Complex tasks often require more complex network structures. For generative AI network, tasks need to be parallelized and segmented, as shown in Fig. 5c. Numerous OPUs could simultaneously process computational tasks from the edge node and send the results back, with each OPU handling a specific convolution task within a layer of the network. In the experiment, a convolutional neural network was trained to handle various tasks including season transfer (winter to summer; summer to winter) and semantic segmentation, as shown in Fig. 5f. Additionally, three other tasks are demonstrated in Supplementary Note 8: object generation, mapping aerial photos, and depth estimation. Subsequently, OPUs were used to validate the processing results for these tasks. During the experiment, one OPU handled the computations for the network’s first layer, while the computations for other layers were conducted on a computer according to the precision capabilities of the photonic devices. More detailed results are provided in Supplementary Note 8 to further validate the rationale of this approach. With the first layer comprising 64 nodes, the resulting waveforms produced 64 feature convolutional matrix outputs, each containing the extracted hierarchical features of the input image. The output from the first node, corresponding to the red channel of a map image, is illustrated in Fig. 5d. The comparison between the predicted and the measured waveforms reveals a root mean square error of 0.0304. To fully validate the computing performance, images were processed through the first computational layer. This layer consists of 64 nodes, each performing 64 convolutions across the three color dimensions of the images (for grayscale images, only one dimension is involved). The performance comparison between the experiment and simulation results is presented in Fig. 5e, demonstrating that the optical computing system achieves performance comparable to 7-bit precision electronic computing. Also, a selection of the generative AI results is displayed in Fig. 5f, with additional results available in the Supplementary Note 8. In this experiment, to ensure data precision, calculations were conducted at a rate of 10-Gbaud, with each OPU achieving a computational speed of 6×6×6×10 GHz = 0.72TOPS.

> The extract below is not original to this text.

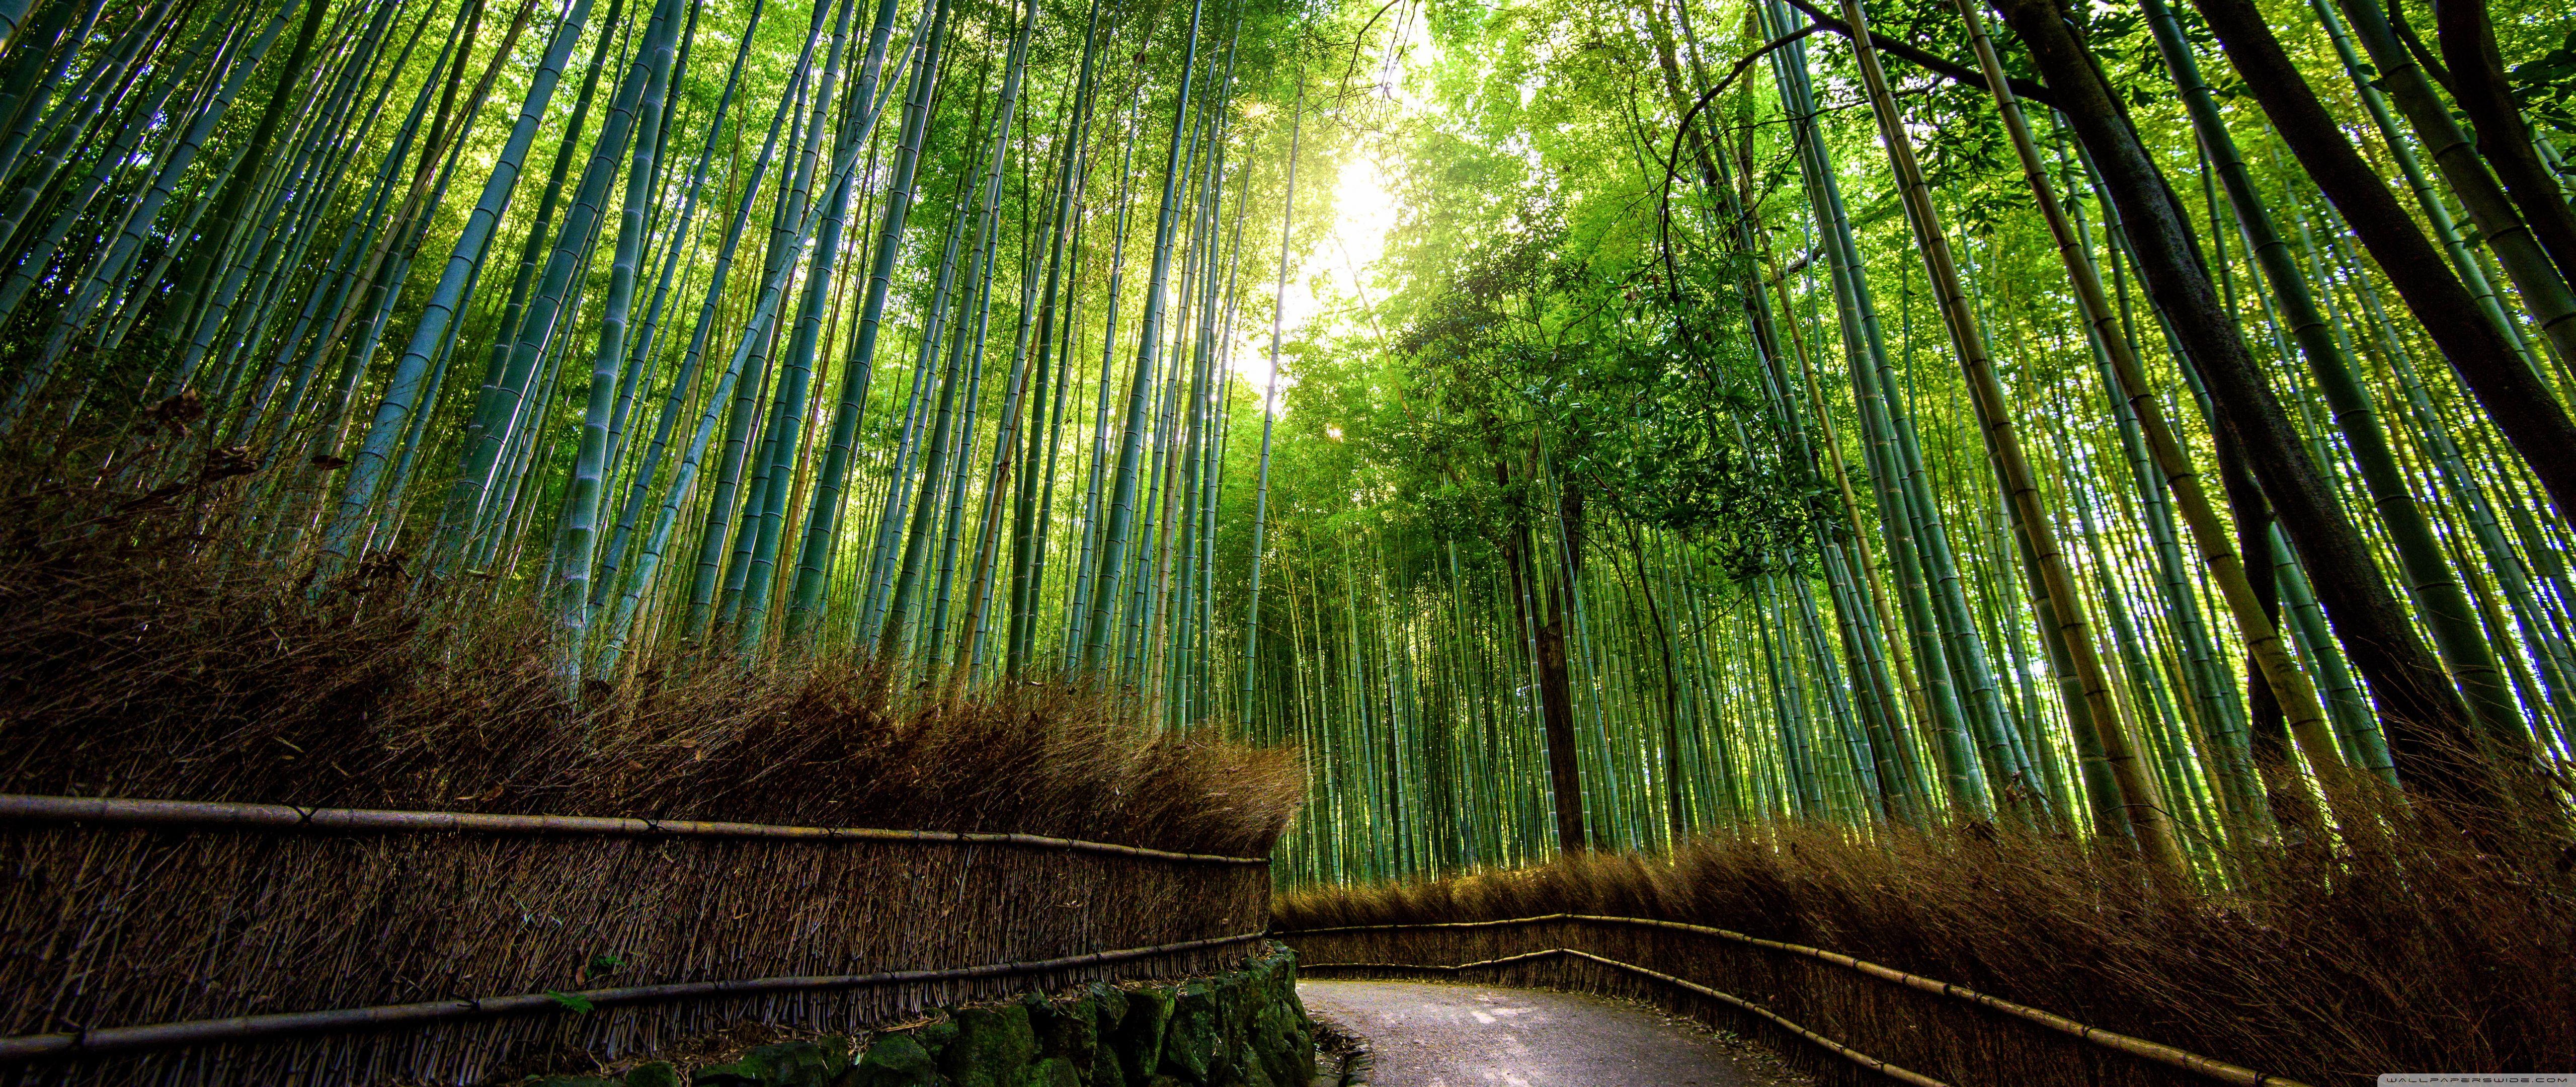 Bamboo Wallpapers 7

Due to experimental limitations, only the calculations for the first convolutional layer were conducted in the optical domain during the experiment, while all other operations were performed on a computer. Although only some operations were carried out experimentally, each OPU in optical computing center is indeed only responsible for a portion of the computational tasks within the network. The strict adherence to the same computational precision for the other layers allows this setup to accurately reflect the practical application scenarios of an optical computing center.

Discussion

Computing precision analysis

The precision of the processing unit remains a critical parameter, regardless of the processing speed. Sufficient precision is essential for neural networks to function effectively. These results in optical cloud computing exhibiting lower performance compared to electronic computing, particularly in terms of accuracy, generated image quality, and stability. For relatively simple tasks such as handwritten digit recognition, the accuracy of optical cloud computing reaches 88%, which is lower than the 92% achieved by electronic cloud computing. For image generation tasks, compared to full-precision computing, optical cloud computing achieves SSIM, FID, and LPIPS values of 0.92, 39.8, and 0.23, respectively. These results indicate that while optical cloud computing demonstrates a reasonable level of similarity to state-of-the-art electronic computing, its performance is approximately equivalent to that of electronic computing at 7-bit precision. Additionally, the variance of the SSIM parameter for the seasonal transfer task was calculated to be \(5.1\times {10}^{-4}\), which is higher than the \(3.4\times {10}^{-4}\) observed in 7-bit precision electronic computing. This difference can be attributed to factors such as channel fluctuations in the optical system.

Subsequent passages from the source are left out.